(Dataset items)
:::
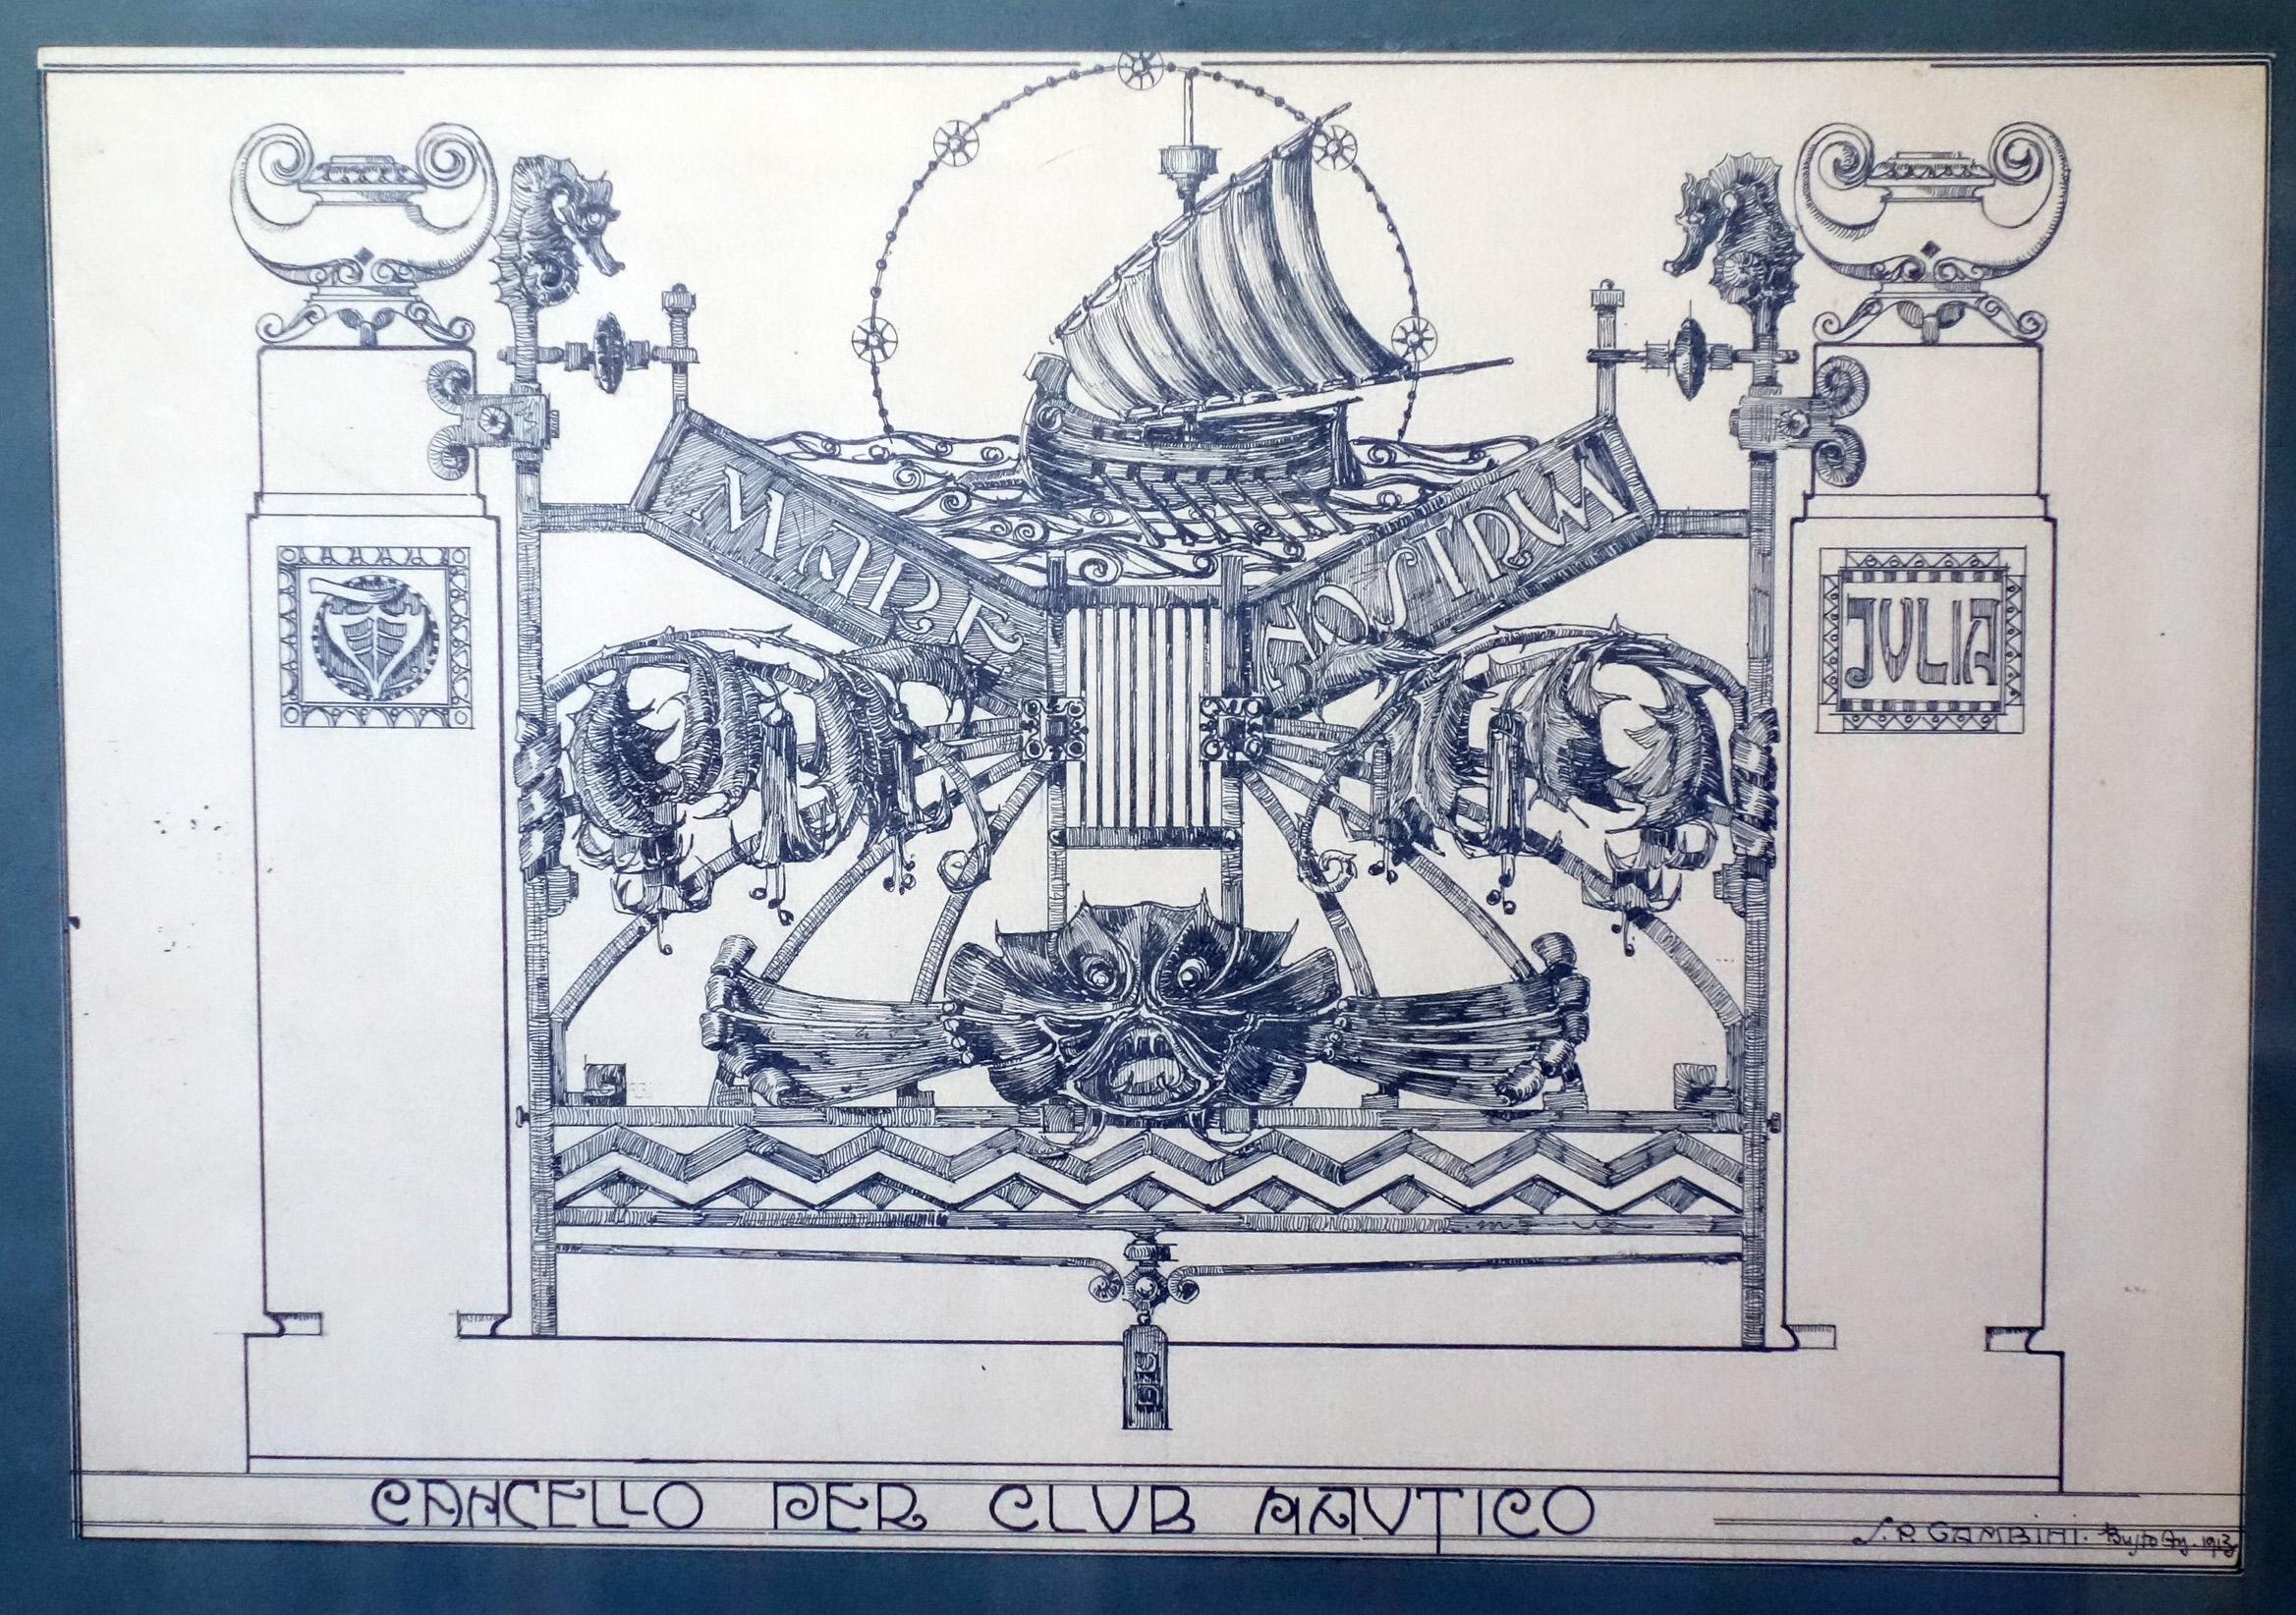 Silvio Gambini
Italie, 1913

Studio di Cancellata in Ferro Battuto (Studio d'annulation en fer battu)
Disegno su Carta
Corniche Liberty in legno Originale

Firma dell'artista in basso a destra

Misure carta :  27.5x39
Misure corniche : 77.5x61x2.5
:::
**Problem statement**
Write out every line of the entries above exactly, and omit their pictures.

**The answer**
 Silvio Gambini
Italie, 1913

Studio di Cancellata in Ferro Battuto (Studio d'annulation en fer battu)
Disegno su Carta
Corniche Liberty in legno Originale

Firma dell'artista in basso a destra

Misure carta :  27.5x39
Misure corniche : 77.5x61x2.5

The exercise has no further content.